A CUDA program has the following structure:

CPU code
kernel<<<numb_blocks,numb_threads_per_block>>>(args)
CPU code

The number of blocks in a grid is illustrated in Fig. 89.

Fig. 89 The organization of the threads of execution in a CUDA program.

For the matrix multiplication \(C = A \cdot B\), we run through the following stages:

Allocate device memory for \(A\), \(B\), and \(C\).
Copy \(A\) and \(B\) from the host to the device.
Invoke the kernel to have device do \(C = A \cdot B\).
Copy \(C\) from the device to the host.
Free memory space on the device.

A linear address system is used for the 2-dimensional array.

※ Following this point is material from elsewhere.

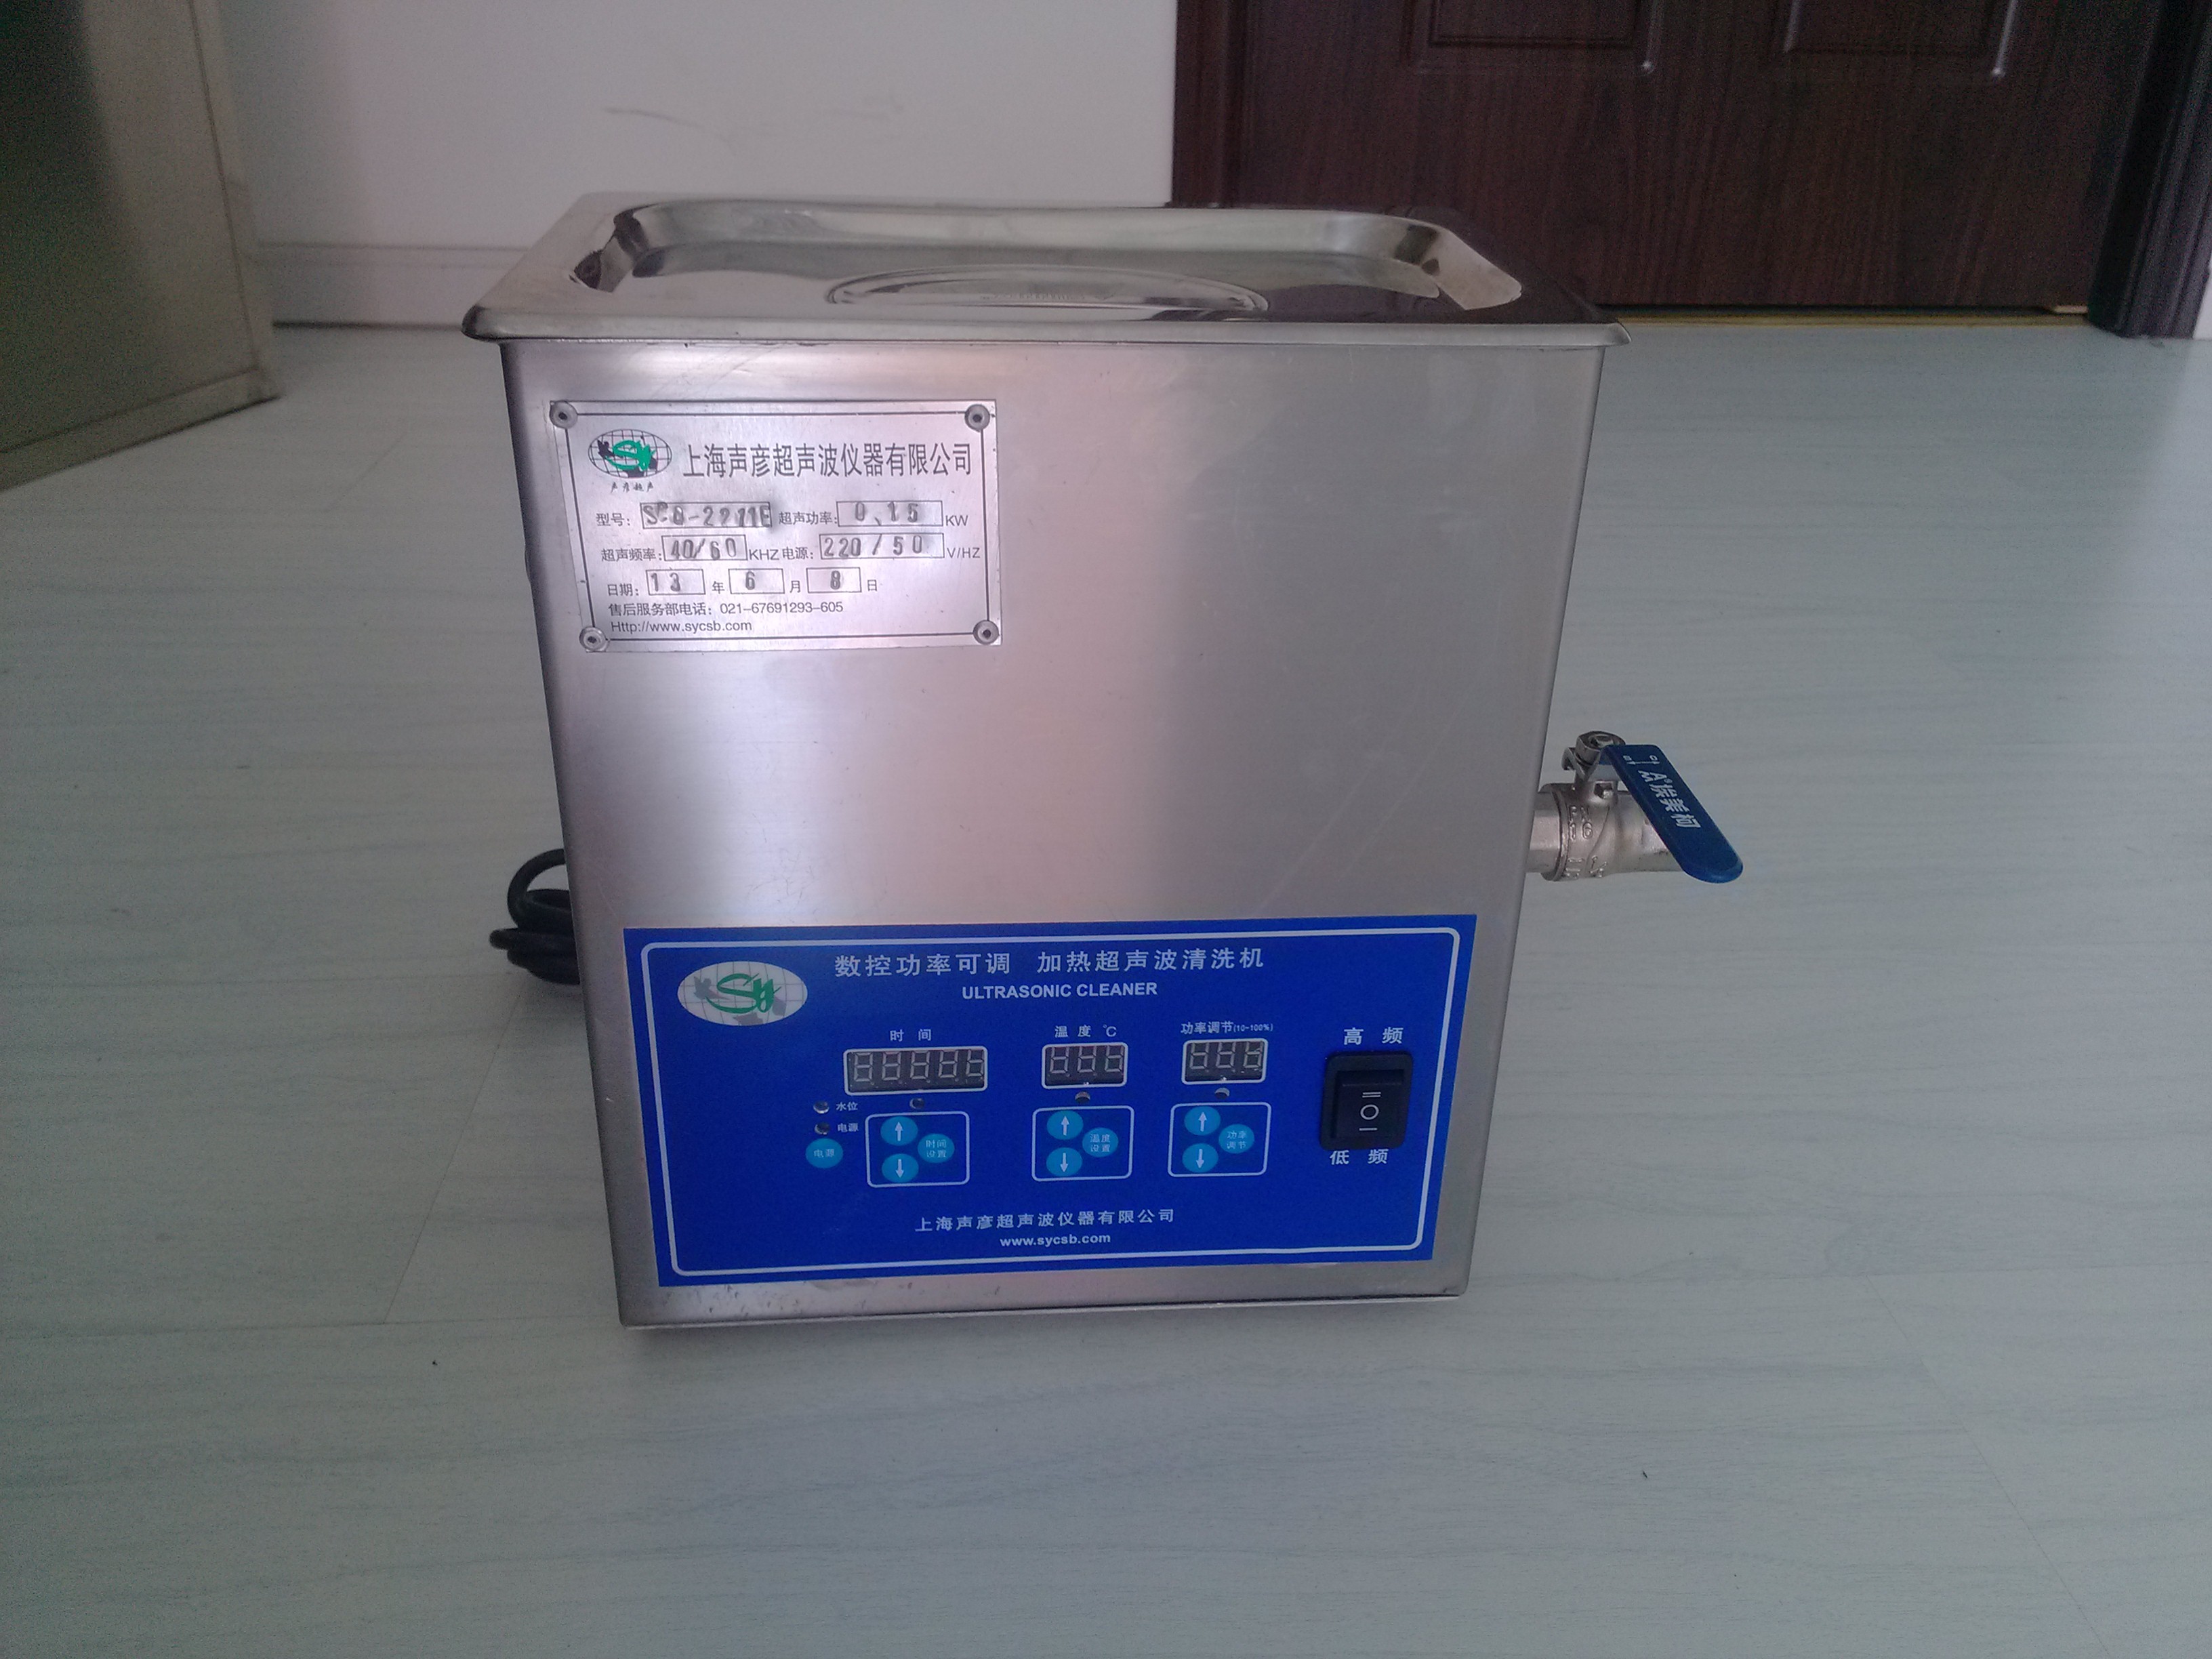 单槽多功能超声波清洗器/超声波清洗机SCQ-250B3

Consider a 3-by-5 matrix stored row-wise (as in C), as shown in Fig. 90.

Fig. 90 Storing a matrix as a one dimensional array.

Code to generate a random matrix is below:

#include <stdlib.h>

__host__ void randomMatrix ( int n, int m, float *x, int mode )
/*
 * Fills up the n-by-m matrix x with random
 * values of zeroes and ones if mode == 1,
 * or random floats if mode == 0. */
{
   int i,j,r;
   float *p = x;

   for(i=0; i<n; i++)
      for(j=0; j<m; j++)
      {
         if(mode == 1)
            r = rand() % 2;
         else
            r = ((float) rand())/RAND_MAX;
         *(p++) = (float) r;
      }
}

The writing of a matrix is defined by the following code:

#include <stdio.h>

__host__ void writeMatrix ( int n, int m, float *x )
/*
 * Writes the n-by-m matrix x to screen. */
{
   int i,j;
   float *p = x;

   for(i=0; i<n; i++,printf("\n"))
      for(j=0; j<m; j++)
         printf(" %d", (int)*(p++));
}

In defining the kernel, we assign inner products to threads. For example, consider a 3-by-4 matrix \(A\) and a 4-by-5 matrix \(B\), as in Fig. 91.

Fig. 91 Assigning inner products to threads.

The i = blockIdx.x*blockDim.x + threadIdx.x determines what entry in \(C = A \cdot B\) will be computed:

the row index in \(C\) is i divided by 5 and
the column index in \(C\) is the remainder of i divided by 5.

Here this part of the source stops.